ASSIGNED TASK: Give all of the data below again exactly, and drop the images.

INFORMATION SUPPLIED:
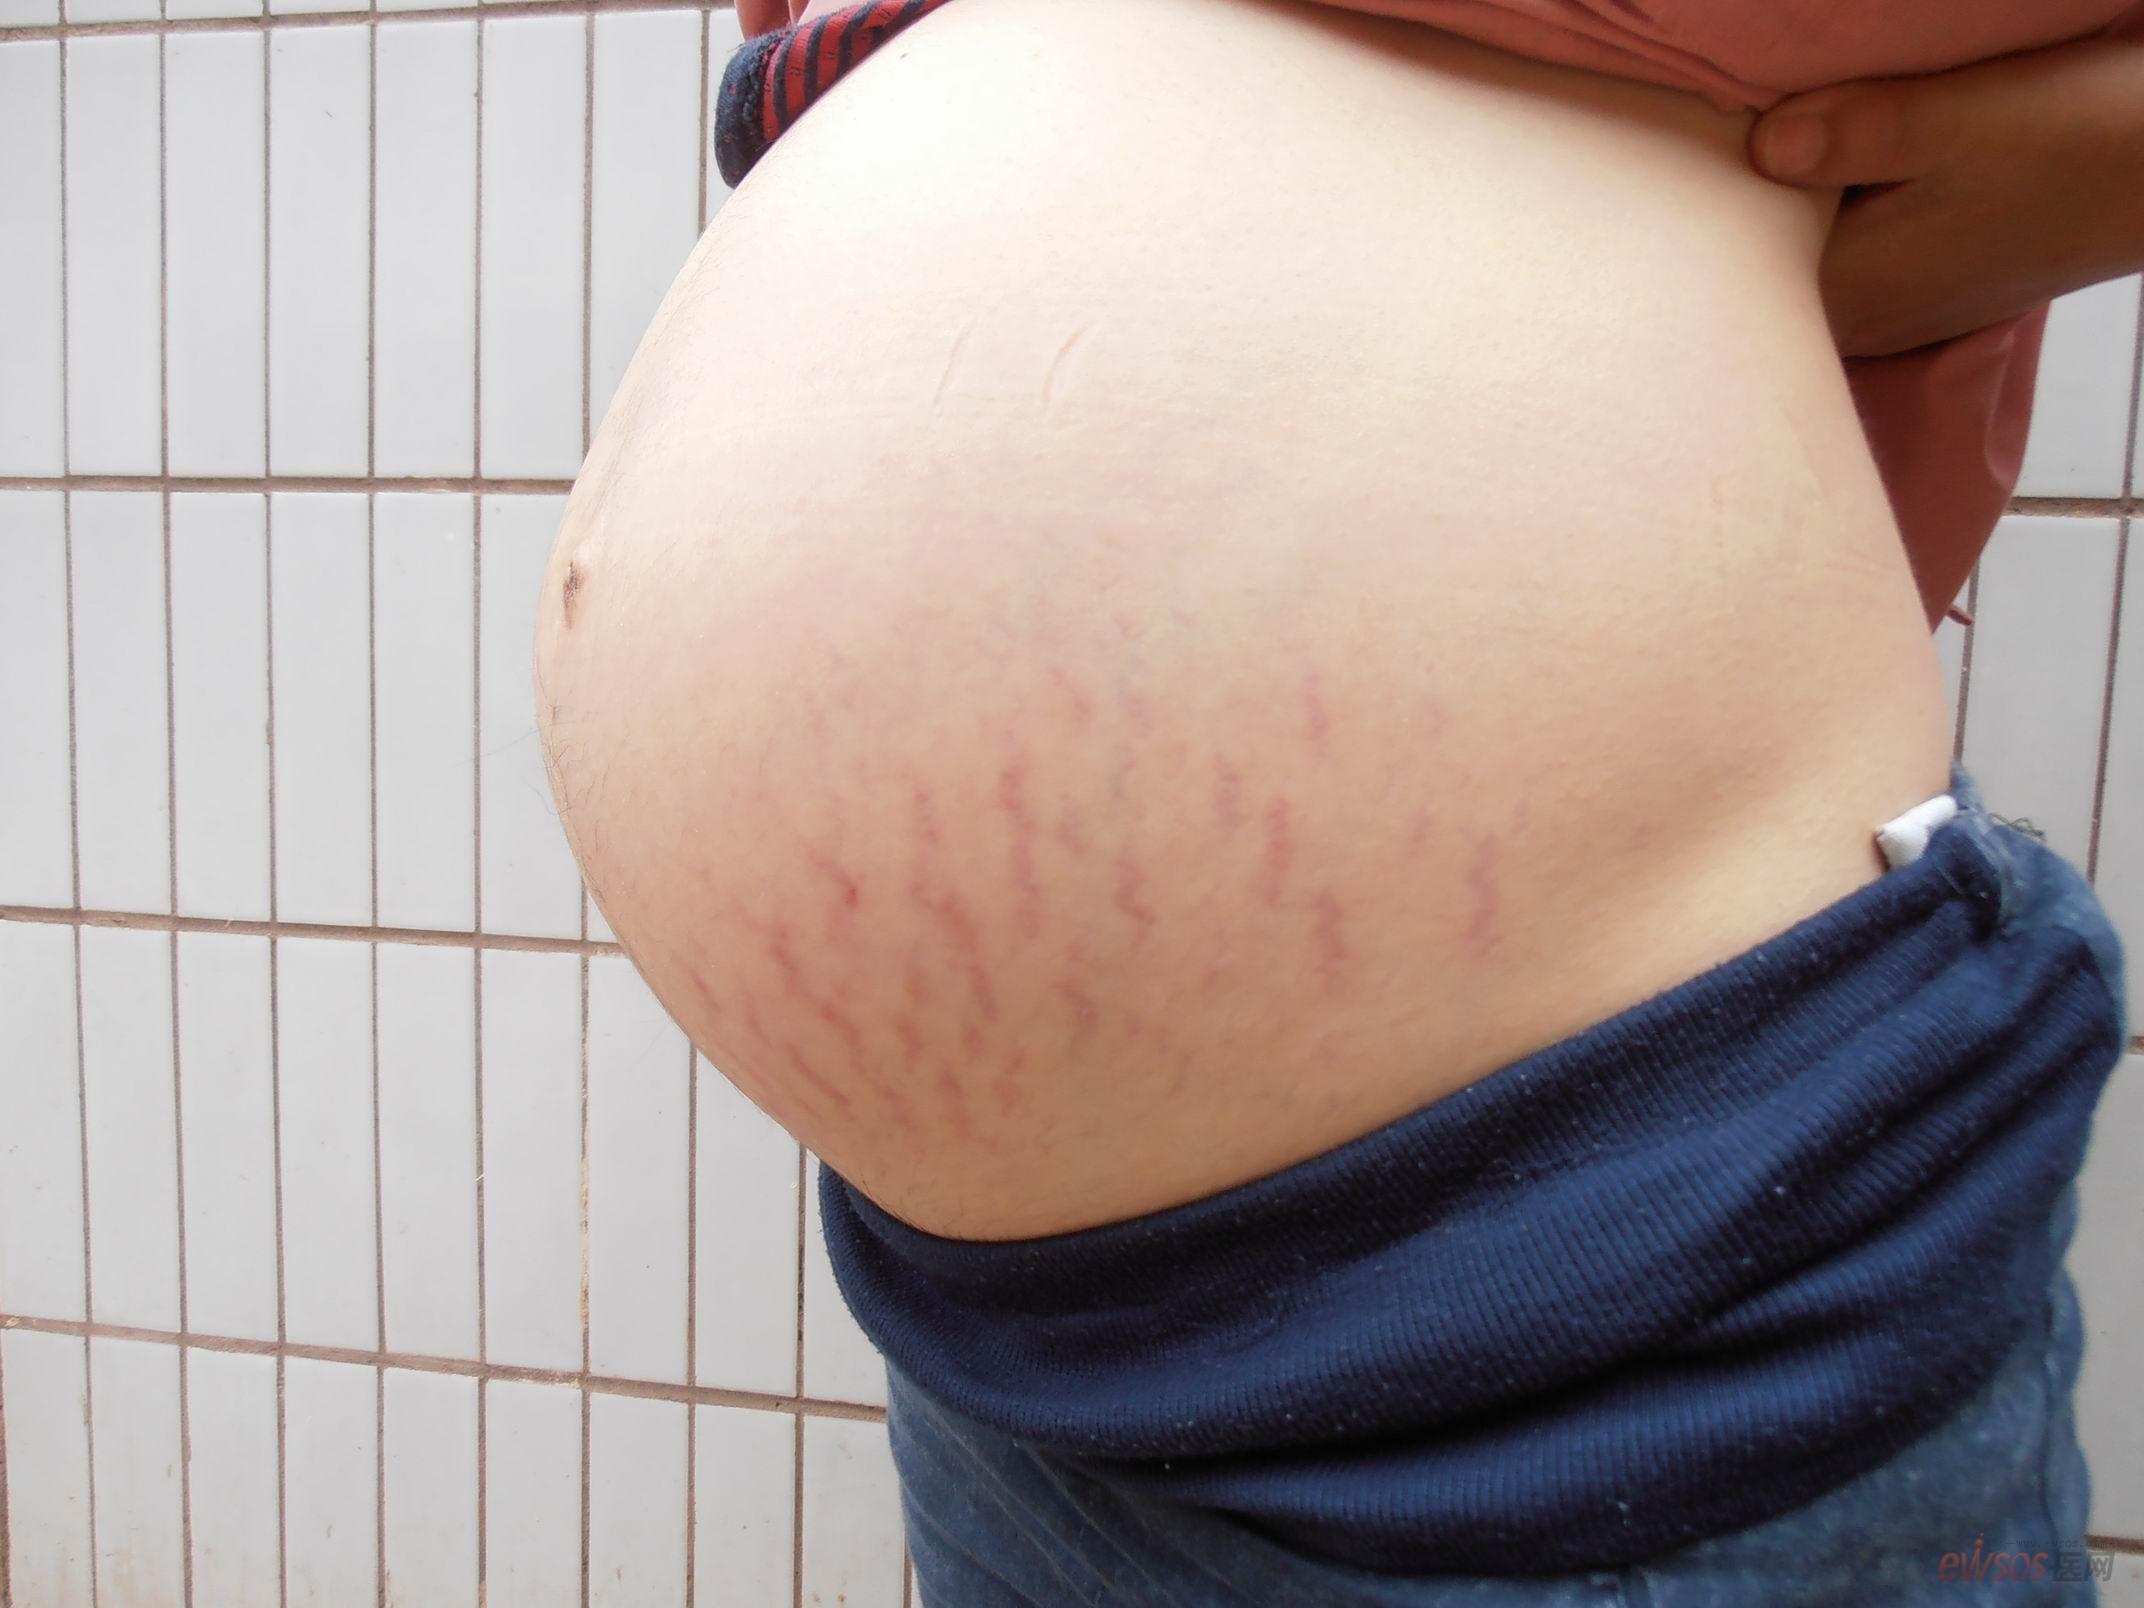 妊娠纹是由于弹性纤维破裂形成
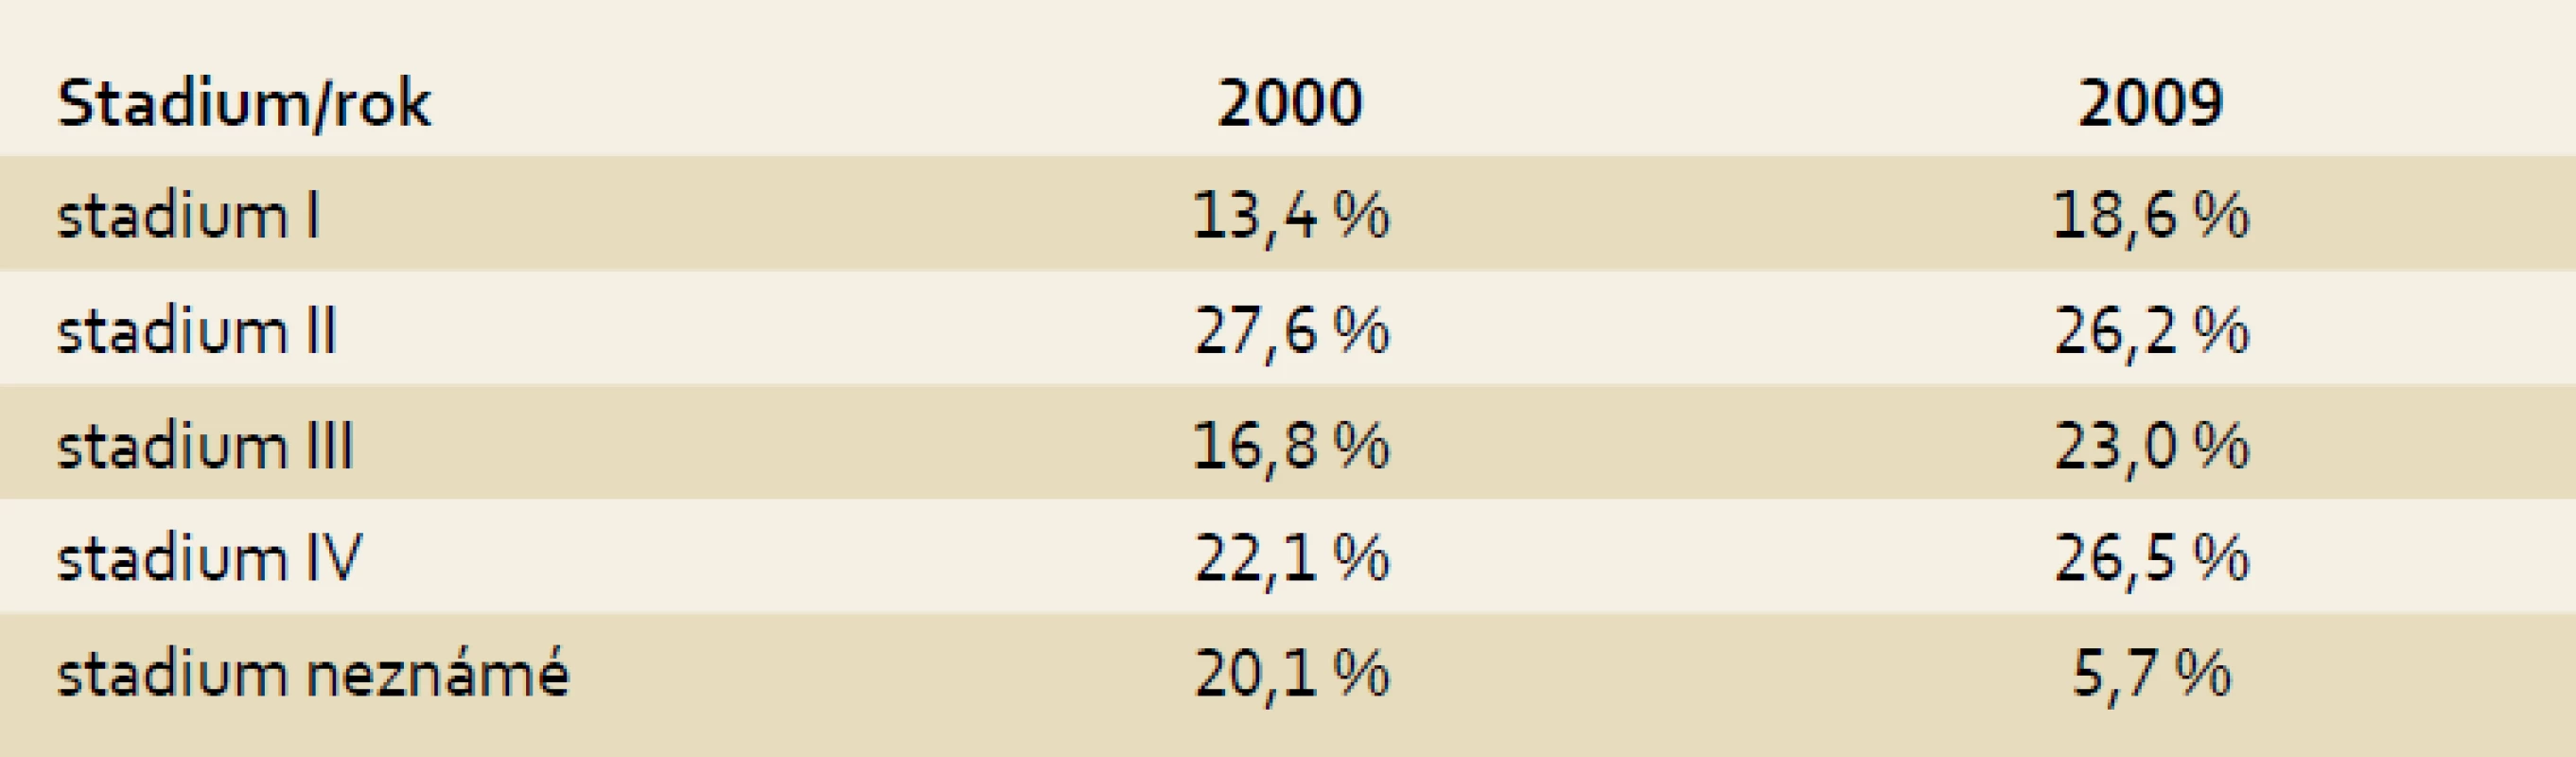 Zastoupení stadií kolorektálního karcinomu v ČR – srovnání let 2000 a 2009.
Tab. 2. Ratio of colorectal cancer stages in the Czech Republic – comparison of years 2000 and 2009.

RESPONSE BOX:
 妊娠纹是由于弹性纤维破裂形成
 Zastoupení stadií kolorektálního karcinomu v ČR – srovnání let 2000 a 2009.
Tab. 2. Ratio of colorectal cancer stages in the Czech Republic – comparison of years 2000 and 2009.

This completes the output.